The data below:
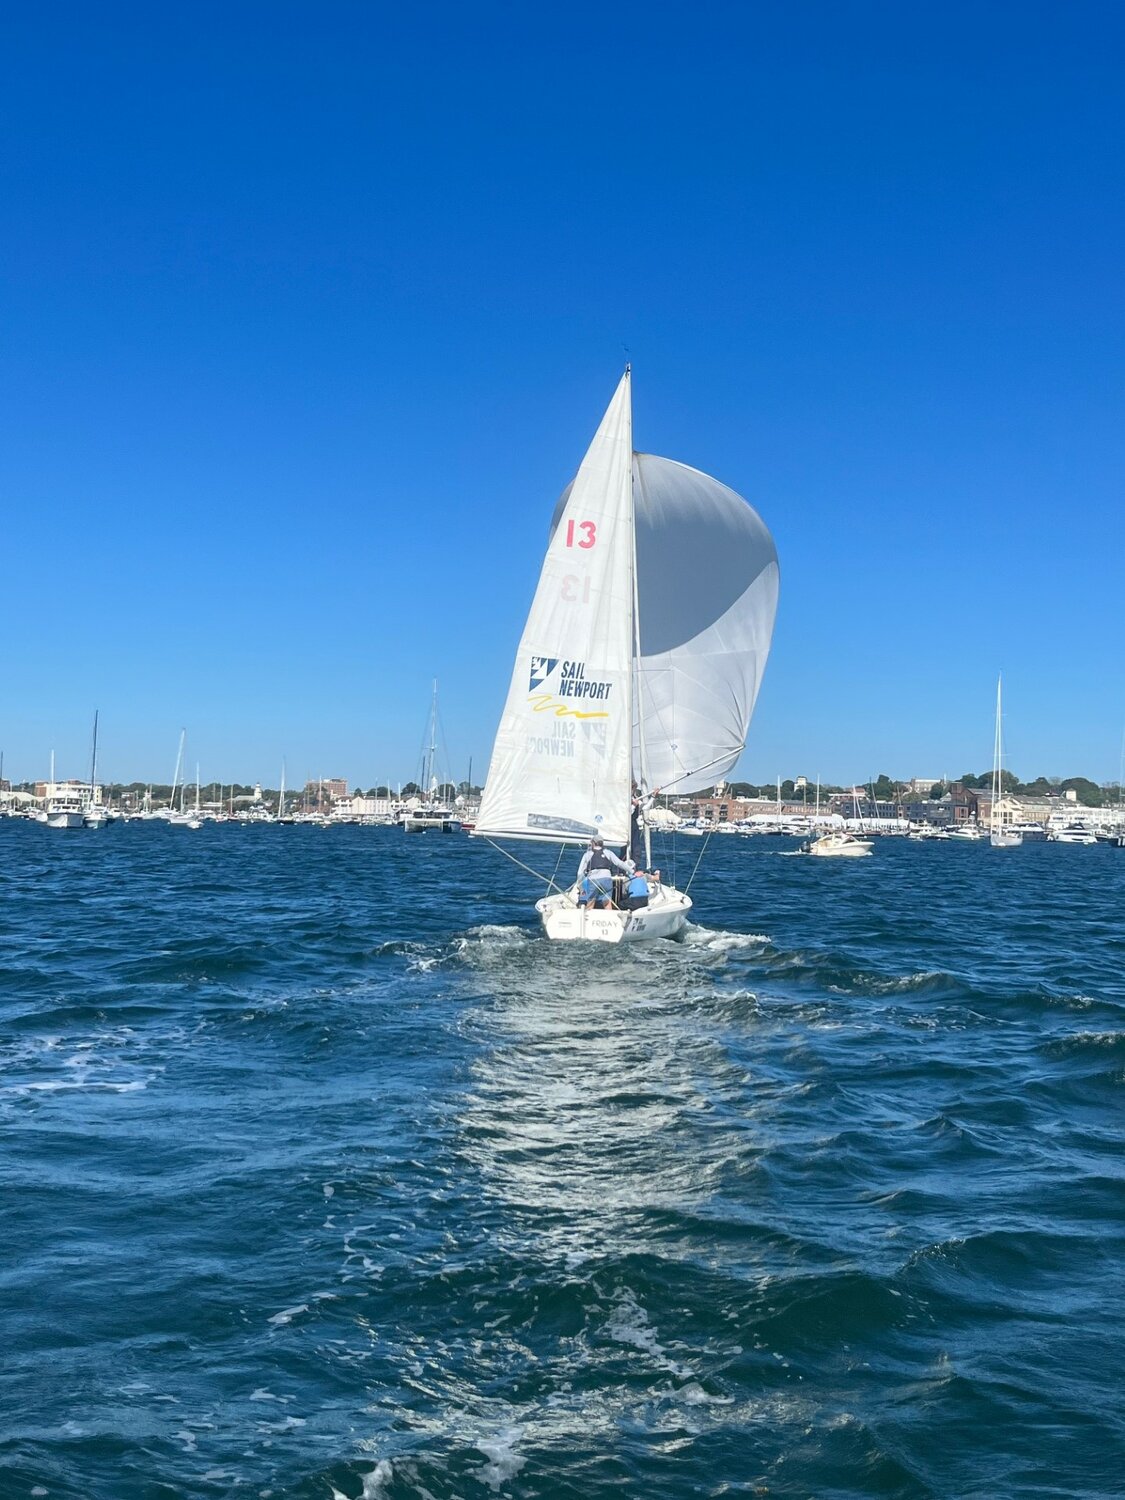 Members of the Barrington High School sailing team will compete for a national title next month.
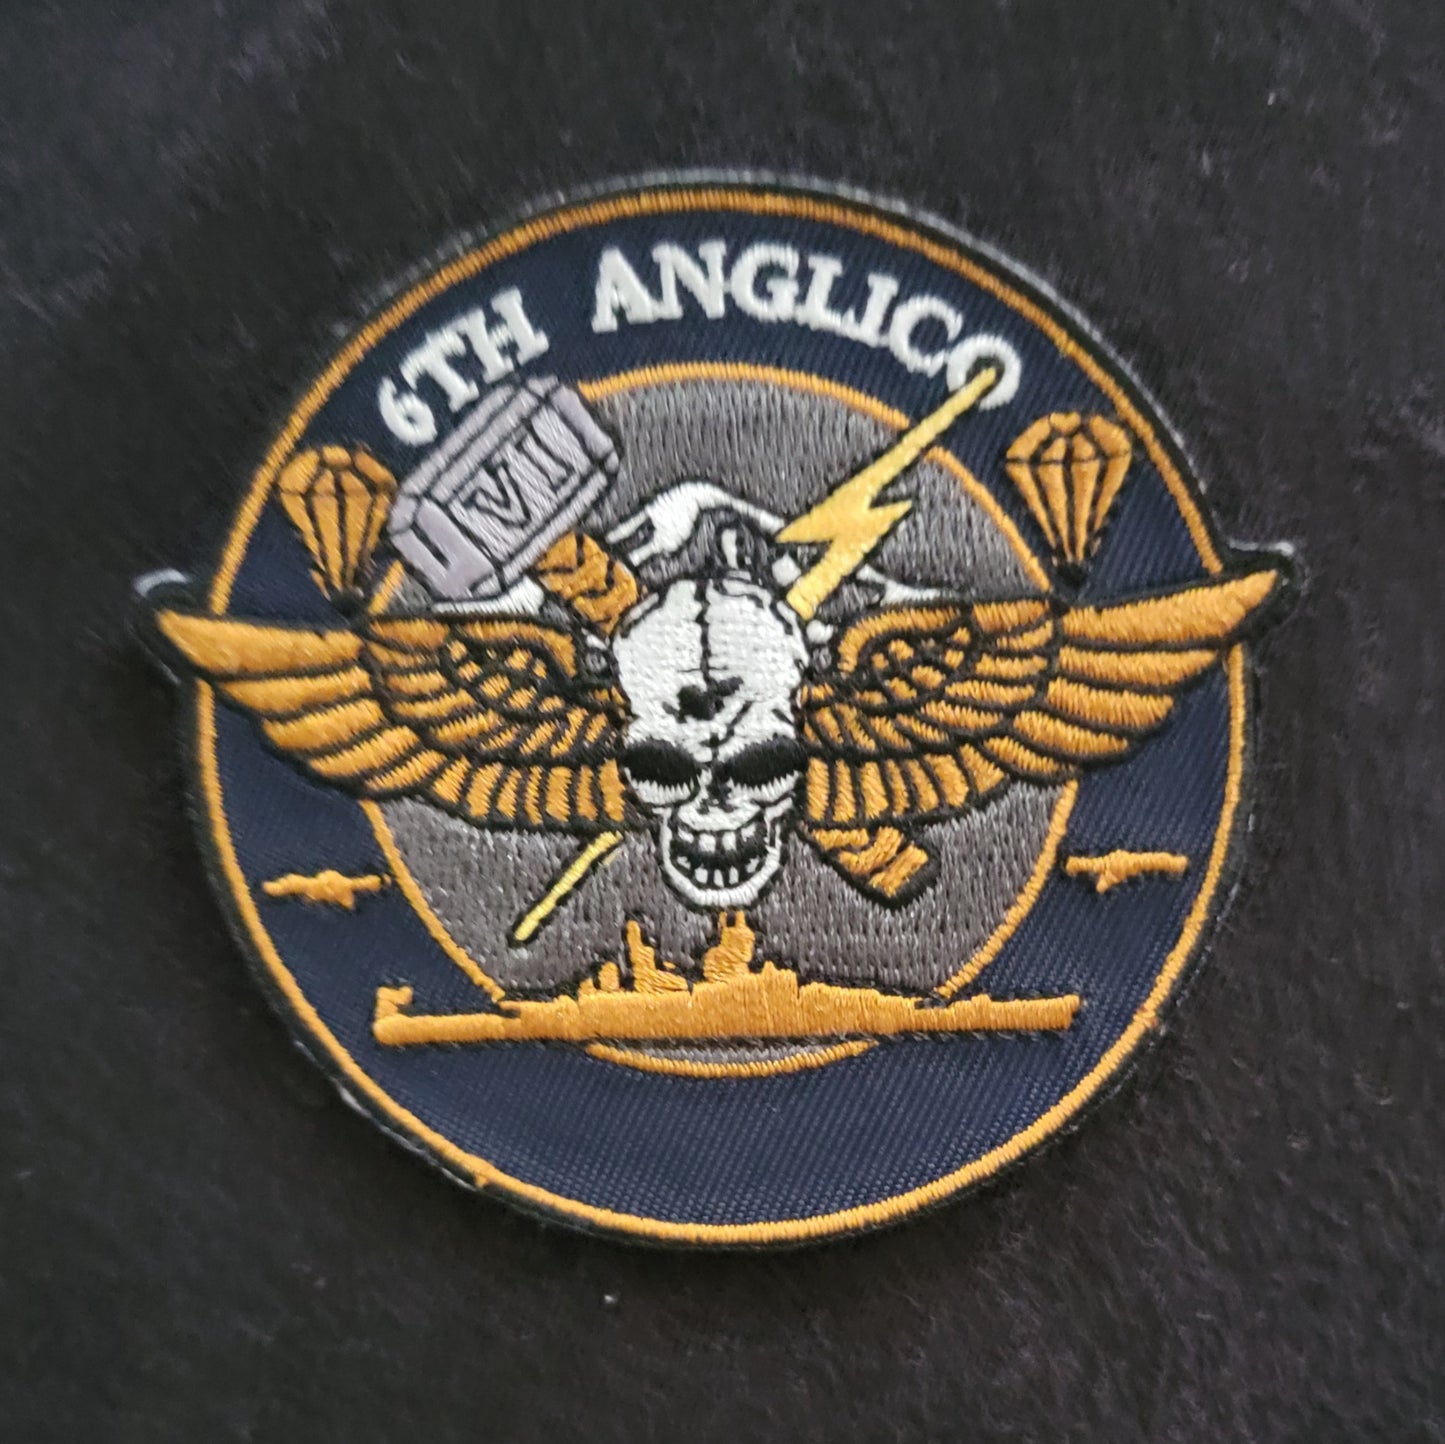 6th ANGLICO Patch
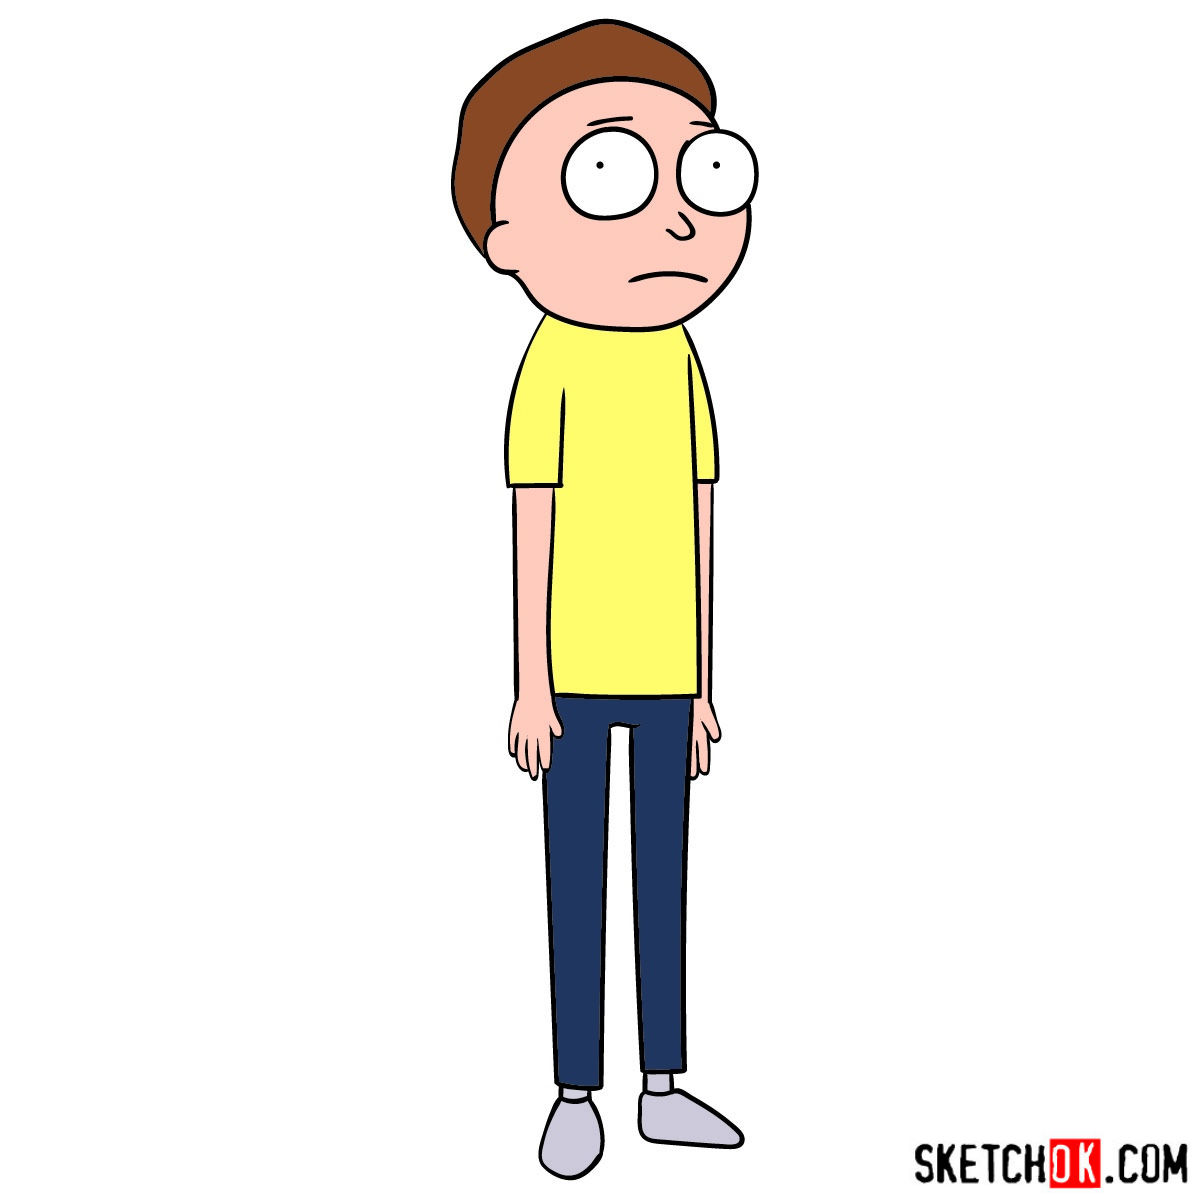 How to draw Morty Smith - Sketchok easy drawing guides.
End of The data.
__What to do__
Your answer must be the lines from the one containing "6th ANGLICO Patch" through the last line of the listing above, restated word for word, with no pictures.

__Answer area__
 6th ANGLICO Patch
 How to draw Morty Smith - Sketchok easy drawing guides.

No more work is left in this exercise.